And so the Caves themselves seem to be responsible for Ms. Quested's experience of a violent attack, which is never explained in a "proper" sense. Unpredictably, the English rally around Ms. Quested and use her story to validate their most brutish prejudices ("Why, the kindest thing one can do to a native is to let him die," one says) and the Indians rally around Aziz and riot. But though this makes for some great scenes of satire (my favorite is when the trial magistrate permits Ms. Quested to sit on the platform to escape the heat of the gallery, and she's joined by every white person in the court save one) Forster's interests lie mainly elsewhere. Ironically, what nearly destroys Dr. Aziz, Mrs. Moore, and Ms. Quested is just what they had been seeking: a sense of unity, a sense of intimacy and oneness with the other. But when difference is annihilated, nothing remains; when man succeeds in finding infinity he has lost himself:

Devils are of the North, and poems can be written about them, but no one could romanticize the Marabar because it robbed infinity and eternity of their vastness, the only quality that accommodates them to mankind.

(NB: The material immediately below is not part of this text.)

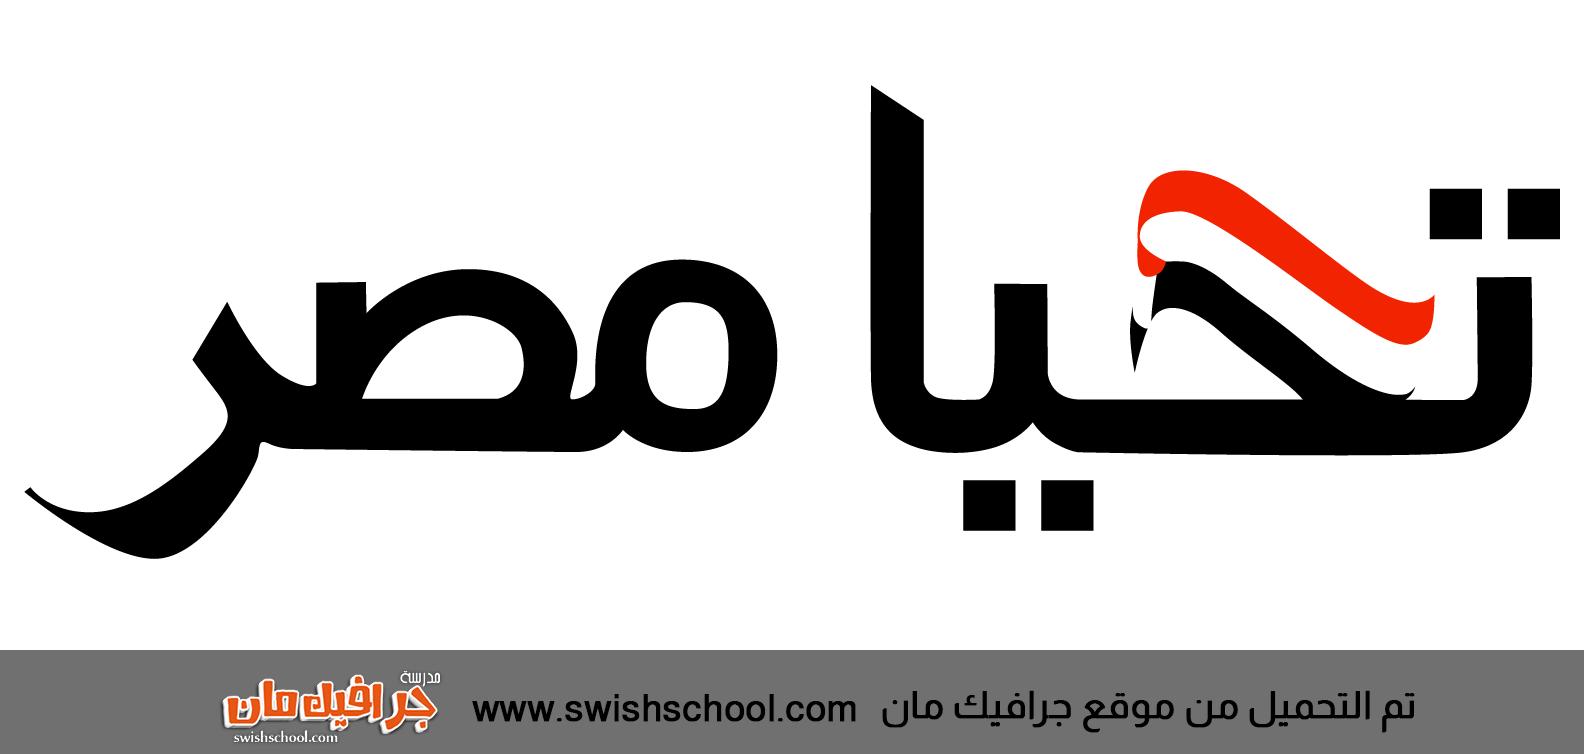 تحيا مصر تصاميم حمله تأييد السيسي   تحيا مصر

In what must be the most striking prose Forster ever wrote, he symbolizes the problem with a flame:

They are dark caves. Even when they open towards the sun, very little light penetrates down the entrance tunnel into the circular chamber. There is little to see, and no eye to see it, until the visitor arrives for his five minutes, and strikes a match. Immediately another flame rises in the depths of the rock and moves towards the surface like an imprisoned spirit: the walls of the circular chamber have been most marvellously polished. The two flames approach and strive to unite, but cannot, because one of them breathes air, the other stone.

At first this seems a symbol of the relationship between the Indians and the English--two mirrored flames, unable to connect--but soon becomes a symbol of the inability to touch, to interact, to communicate with anything beyond oneself. Mrs. Moore and Ms. Quested are given brief glimpses of the flame beyond the wall, and perhaps finding only an image of themselves, are traumatized by them. The other conflicts of the novel--Ms. Quested's only-half-wanted marriage to the City Magistrate, the relations between the Indians and their occupiers, the inability to describe or create a unified Indian nation--become slivers of this whole, and the solution promises to be worse than the conflict.

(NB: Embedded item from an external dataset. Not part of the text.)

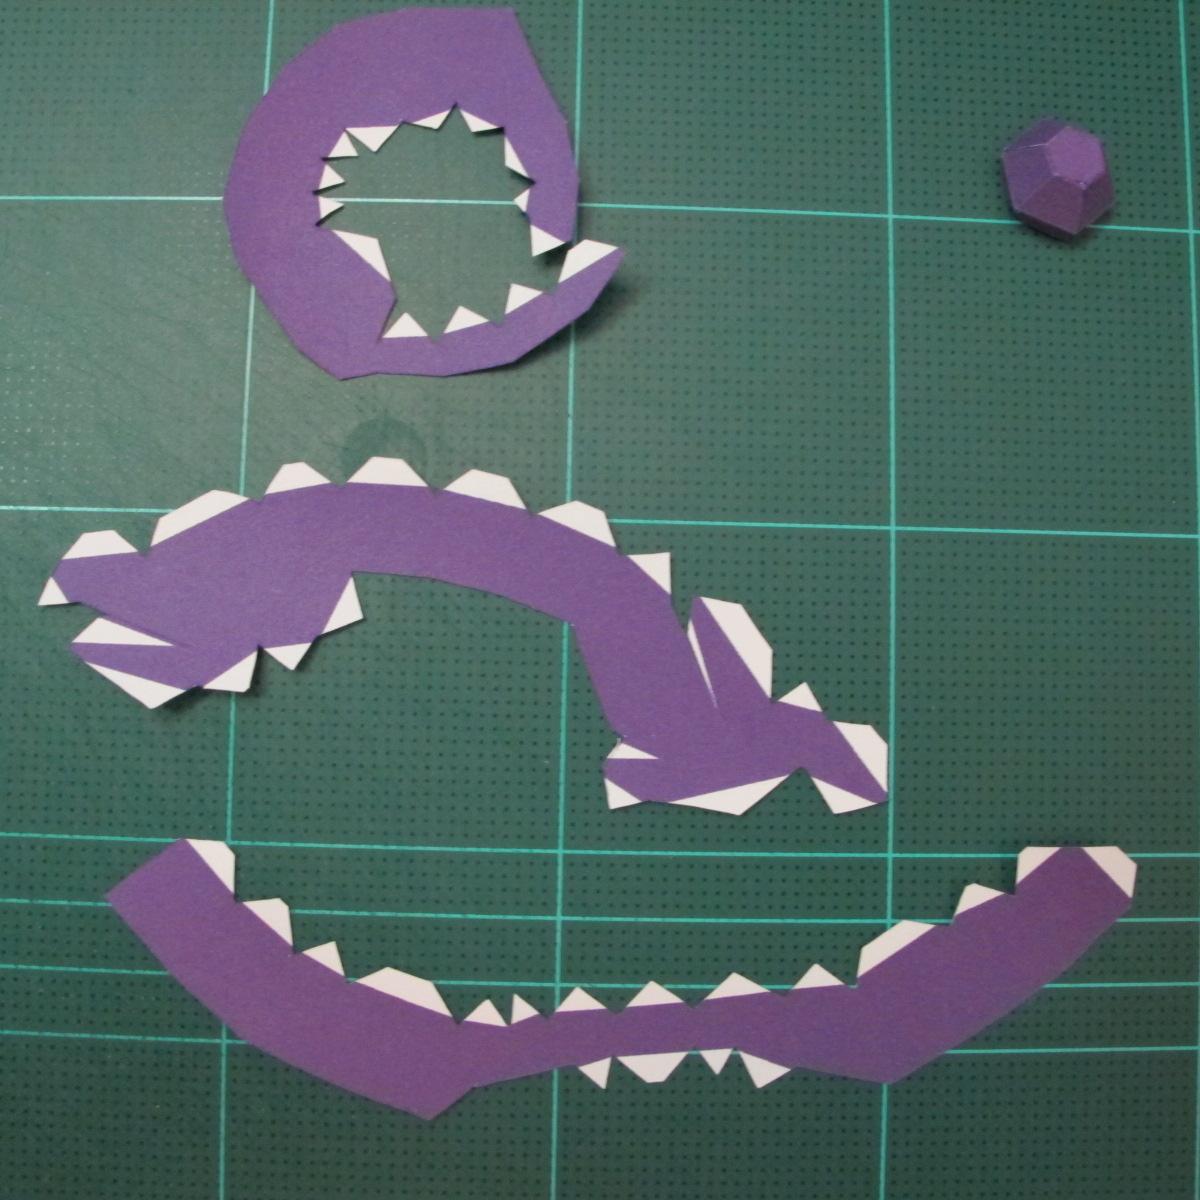 วิธีทำโมเดลกระดาษตุ้กตา คุกกี้รสราชินีสเก็ตลีลา จากเกมส์คุกกี้รัน (LINE Cookie Run Skating Queen Cookie Papercraft Model) 004

By contrast, the Temple section begins with an extended description of a Hindu ceremony that brings a more beneficial unity:

When the villagers broke cordon for a glimpse of the silver image, a most beautiful and radiant expression came into their faces, a beauty in which there was nothing personal,l for it caused them all to resemble one another during the moment of its indwelling, and only when it was withdrawn did they revert to individual clods.

What is it about the Hindu ceremony that makes it a joy, rather than a terror? Can Prof. Godbole, Aziz's Hindu friend, be right or wise when he remarks of the charges,

I am informed that an evil action was performed in the Marabar Hills, and that a highly esteemed English lady is now seriously ill in consequence. My answer to that is this: that action was performed by Dr. Aziz... It was performed by the guide... It was performed by you... It was performed by me... And by my students. It was even performed by the lady herself. When evil occurs, it expresses the whole of the universe. Similarly when good occurs.

Godbole goes on to say that good and evil "are both of them aspects of my Lord. He is present in the one, absent in the other, and the difference between presence and absence is great, as great as my feeble mind can grasp. Yet absence implies presence, absence is not non-existence, and we are therefore entitled to repeat, 'Come, come, come, come.'" Is this what differentiates these unities, an eye to the presence, and not the absence, of God? Or the hopefulness that one is coming to make the unity meaningful?

These questions fade into the background of A Passage to India. By the end we are left with a little tableau of an Englishman and and Indian promising friendship, but their horses rearing away from one another. We are left, if we wish, to return to thinking about England and India, but also, if we wish, to see that there are more encompassing concerns at hand, and that there is unity in disunity, and also with a thin echo of Godbole's "Come, come, come, come":

But the horses didn't want it--they swerved apart; the earth didn't want it, sending up rocks through which riders must pass single file; the temples, the tank, the jail, the palace, the birds, the carrion, the Guest House, that came into view as they issued from the gap and saw Mau beneath: they didn't want it, they said in their hundred voices, "No, not yet," and the sky said, "No, not there."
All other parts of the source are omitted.